Supraglaziale Seen entstehen, wenn sich Schmelzwasser in Gletschersenken sammelt. Bislang hatten Wissenschaftler angenommen, dass die Auswirkungen dieser Wasserflächen eher gering seien. Die Studie von Forschern der Universität im britischen Leeds warnt nun aber davor, dass sich die Gletscherschmelze durch sie spürbar beschleunigen könnte.

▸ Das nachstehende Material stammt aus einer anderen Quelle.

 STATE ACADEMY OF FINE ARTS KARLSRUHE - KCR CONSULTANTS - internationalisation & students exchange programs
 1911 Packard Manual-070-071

Die supraglazialen Seen würden mehr Sonnenlicht anziehen und Sickerwasser abgeben, wodurch das umliegende Eis immer weiter zurückgehe, schreiben die Forscher. Sie stützten ihre Erkenntnisse unter anderem auf Satellitendaten, anhand derer sie die Bildung neuer Wasserflächen auf Grönland prognostizieren.

Seit den 70er Jahren hat sich die Schmelzzone auf der Insel langsam von den Küsten ins Landesinnere ausgedehnt. Derzeit sei der mit supraglazialen Seen bedeckte Küstenstreifen 56 Kilometer breit, bis 2060 werde sich diese Zone auf bis zu 110 Kilometer verbreitern.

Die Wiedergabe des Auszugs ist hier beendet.